Middle East Fertility Society Journal, Vol. 10, No. 3, 2005, pp. 238-243

A prospective comparative study of 3-D ultrasonography and hysteroscopy in detecting uterine lesions in premenopausal bleeding

Fouad Abo Haemila, M.D., Dalia Youssef, M.D., Mohamed Hassan, M.D., Ahmed Soliman, M.D., Maha Mossad, M.D.

Department of Obstetrics and Gynecology, Faculty of Medicine, Cairo University, Cairo, Egypt
Address for correspondence:  Dr. Fouad Abo Haemila, 12 El Dokki St., 1st floor, Cairo, Egypt, Tel: + 20101699348

Received on March 22, 2005;
revised and accepted on May 10, 2005

Code Number: mf05041

ABSTRACT

Objective: to compare the accuracy of 3D ultrasound in identifying endometrial and intramyometrial lesions in comparison to hysteroscopy.
Settings: Kasr El-Aini Hospital.
Materials and methods: Three dimensional ultrasonography was done followed by hysteroscopy for all cases (number =70). Data obtained were compared and analyzed to estimate the accuracy of 3D ultrasound.
Results:  Compared to hysteroscopy, 3DUS has a sensitivity of  63.2% specificity of 80.8% , positive predictive value of 54.6% and negative predictive value of 85.7% , accuracy of 76.1.
Conclusion: Three dimensional ultrasound can be used in diagnosing uterine focal lesions with results comparable to hysteroscopy. Further research is needed to show whether this increased diagnostic capability of 3D ultrasound could be the option of choice before surgery.

Key words: Three-D ultrasound, hysteroscopy, uterine lesions, premenopausal bleeding.

Abnormal uterine bleeding is probably the most common symptom in gynecologic practice especially in premenopausal and postmenopausal women (1). Transabdominal ultrasound and later transvaginal two dimensional ultrasonography has been used extensively in cases of abnormal uterine bleeding to evaluate uterine pathology to exclude myomata, polyps and focal lesions and to check the adnexae (2).
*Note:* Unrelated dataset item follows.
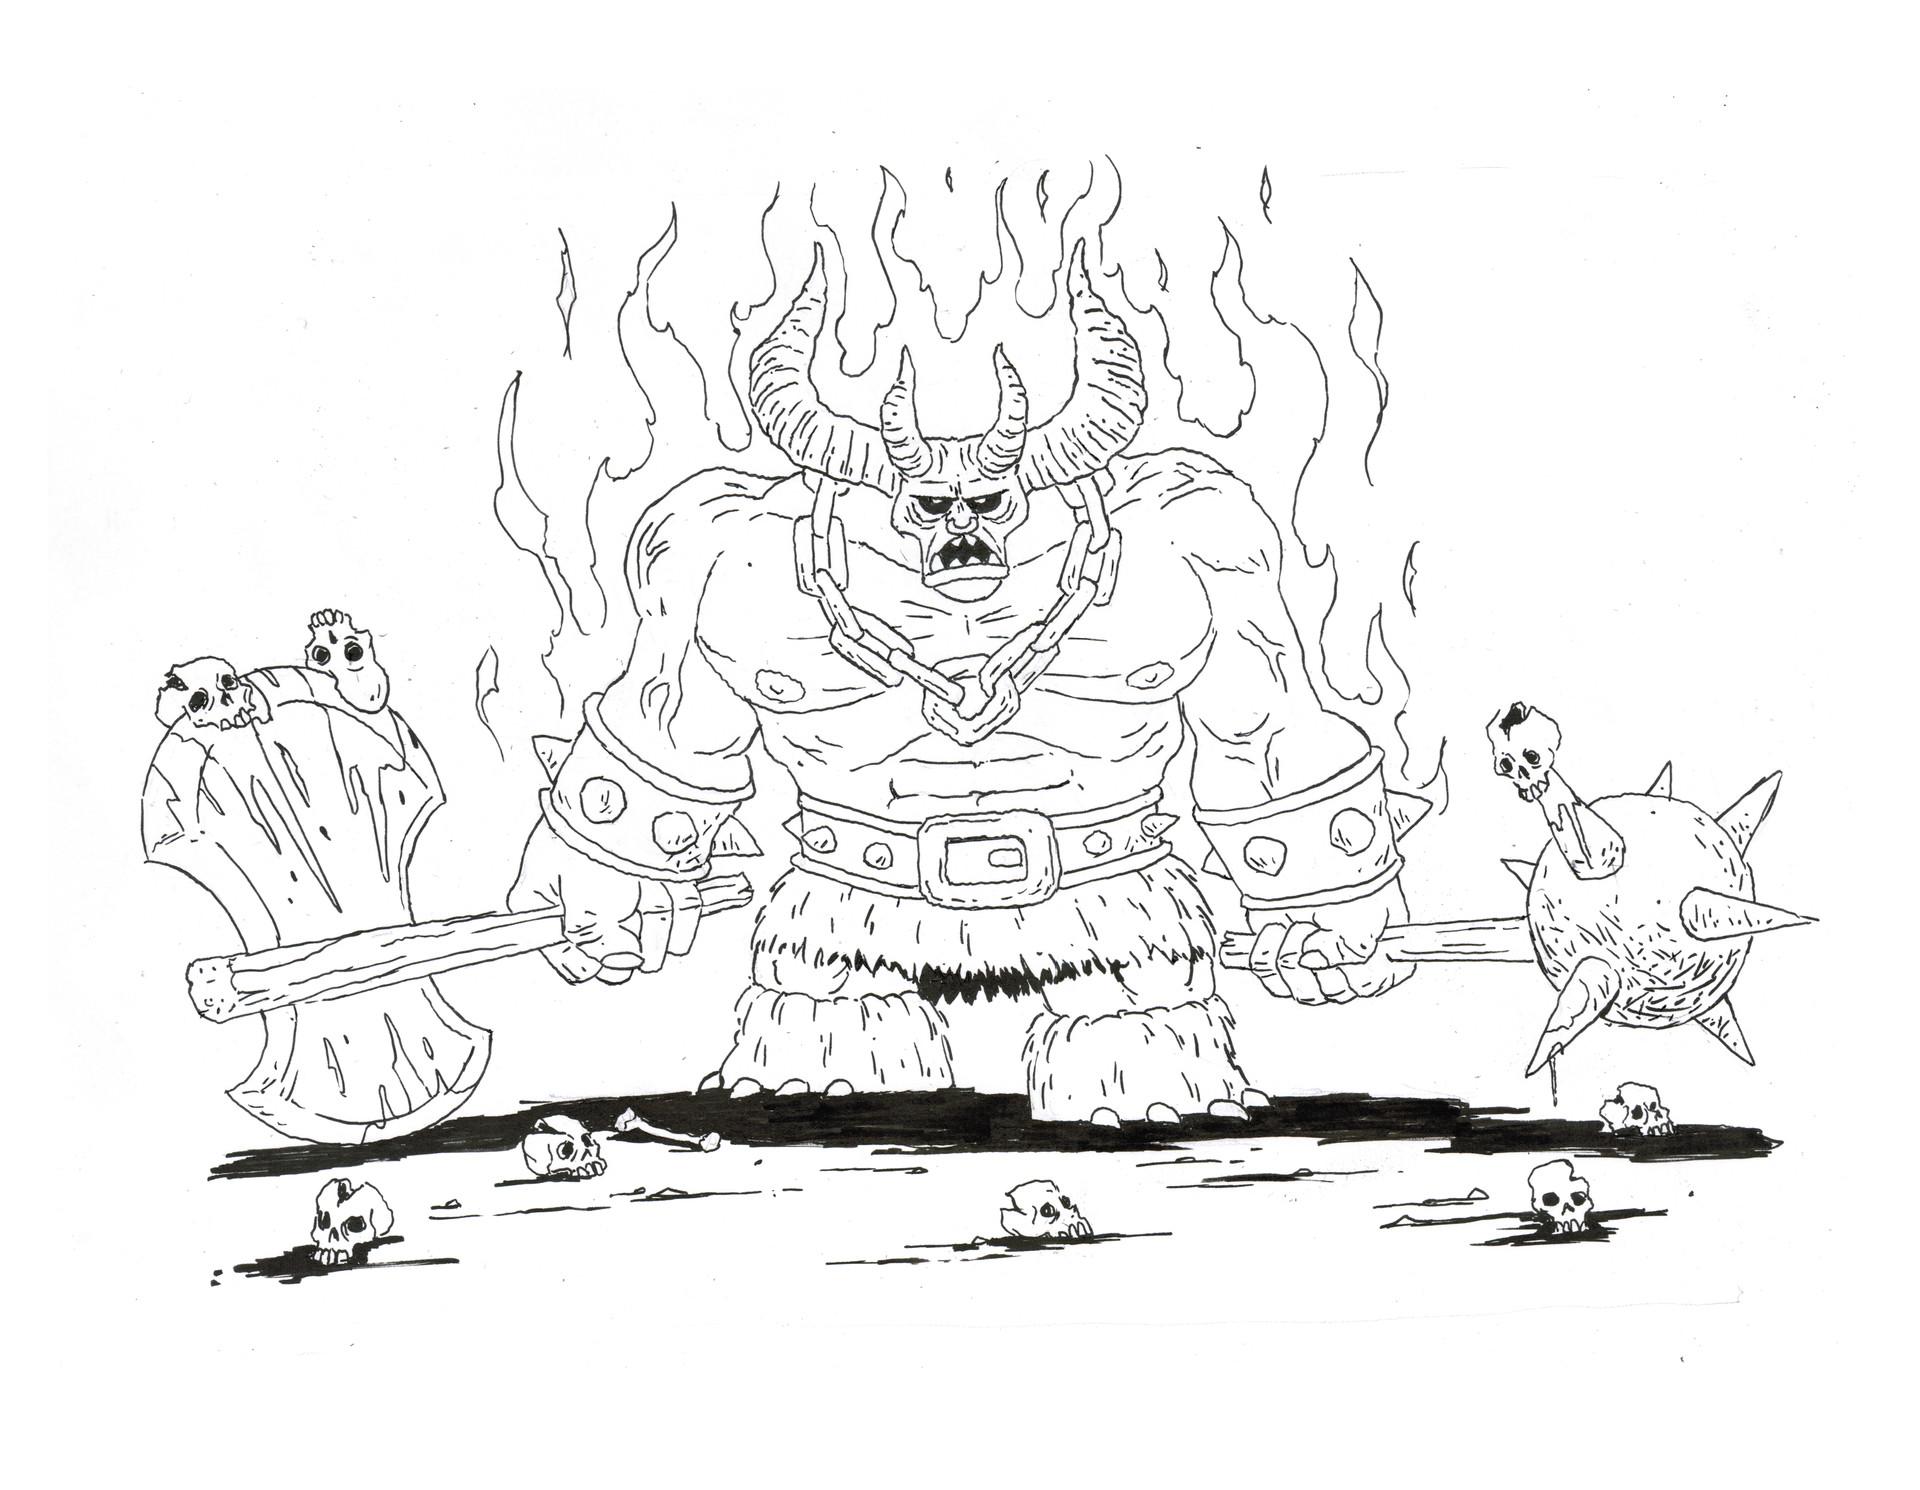 Jim bryson strongdemon ink 01

Three dimensional ultrasound offers new viewing window by allowing for arbitrary plane evaluation through a volume data set acquired from the pelvis (2). In addition, by 3D ultrasound more precise anatomical sections for exploring the endometrial cavity;   the relations of myomata  and their possible encroachment on the cavity, the diagnosis of endometrial polypi and the measurement of endometrial volume rather than thickness in cases of abnormal uterine bleeding (3).
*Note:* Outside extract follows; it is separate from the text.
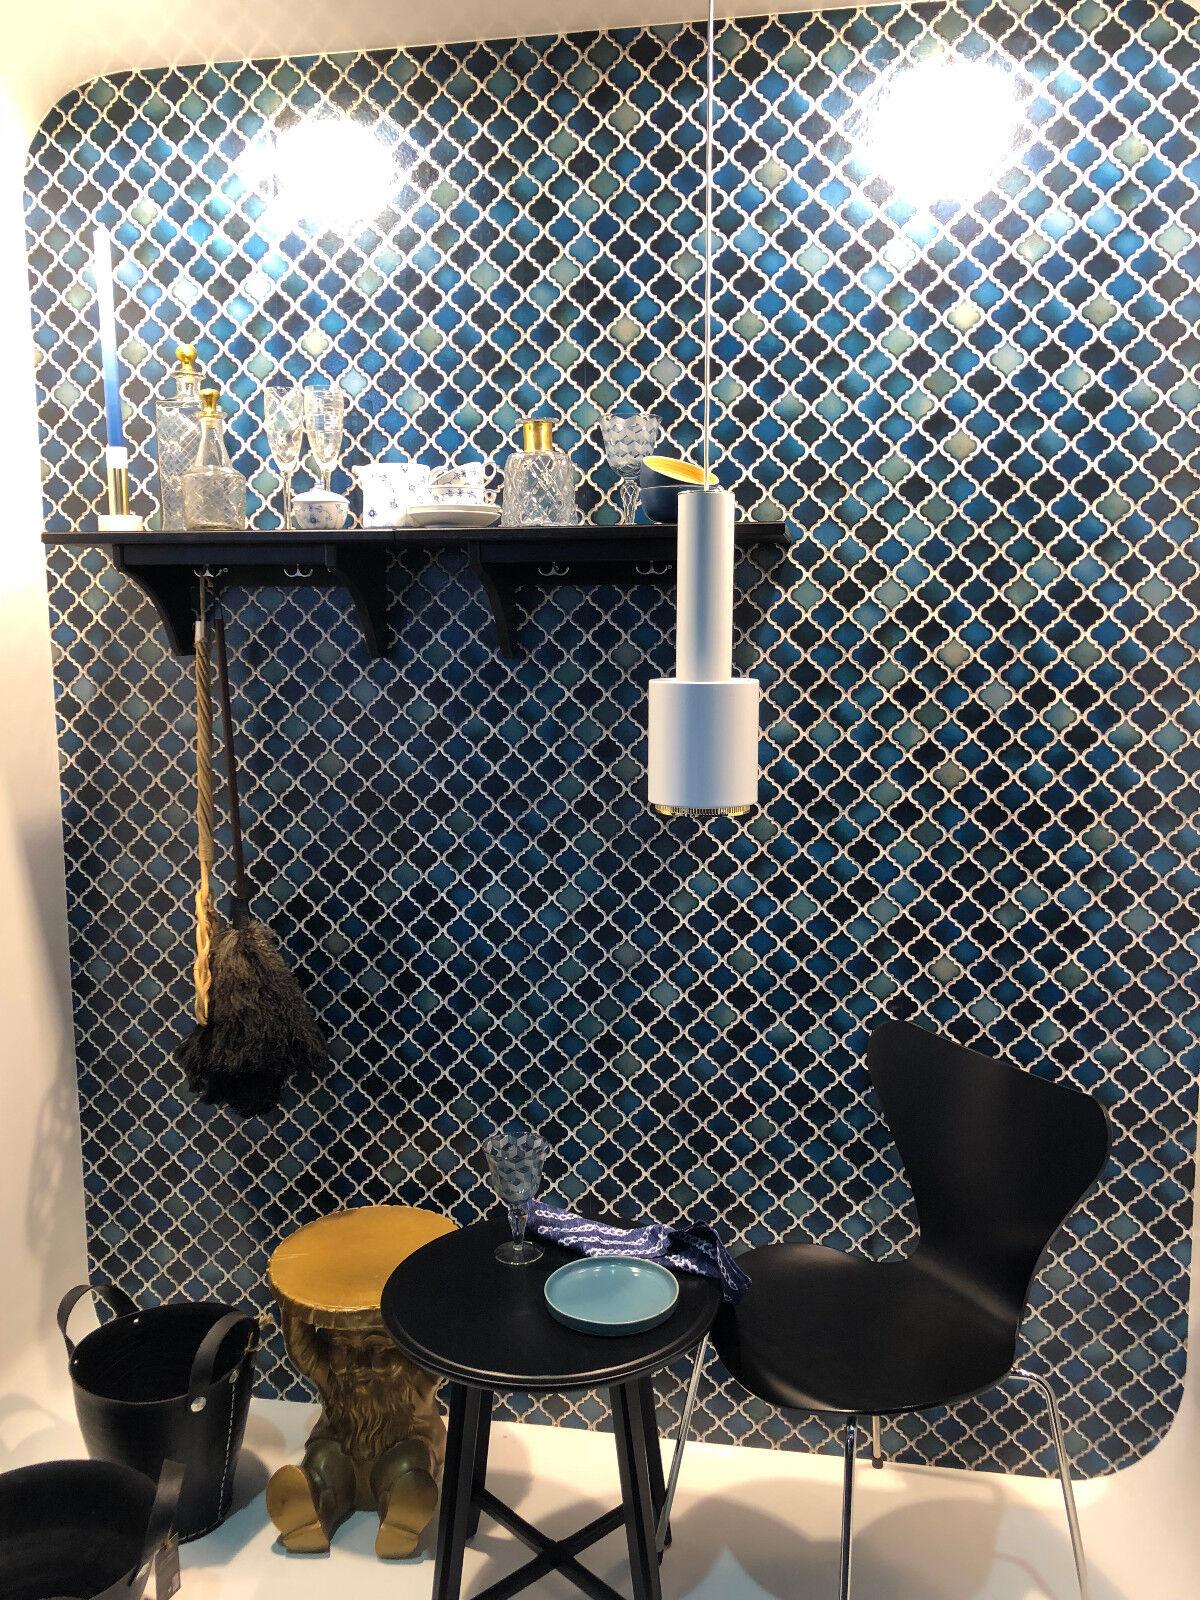 ... Vlies Tapete Stein Keramik Mosaik Fliesen Florentiner Optik Petrol  Schwarz Grau 4 ...

Hysteroscopy was one of the very earliest approaches to the direct study of the uterine cavity.  The direct or magnified observation of the uterine cavity by hysteroscopy may offer a more precise diagnosis, a better ground for therapy or verification of results as compared to other methods such as hysterography. Although still hysteroscopy could be considered an invasive diagnostic procedure yet in all studies it is considered as the gold standard for evaluation of the uterine cavity (4). The aim of the present study is to evaluate the accuracy of three dimensional ultrasonography in diagnosis of uterine abnormalities compared to a gold standard (hysteroscopy).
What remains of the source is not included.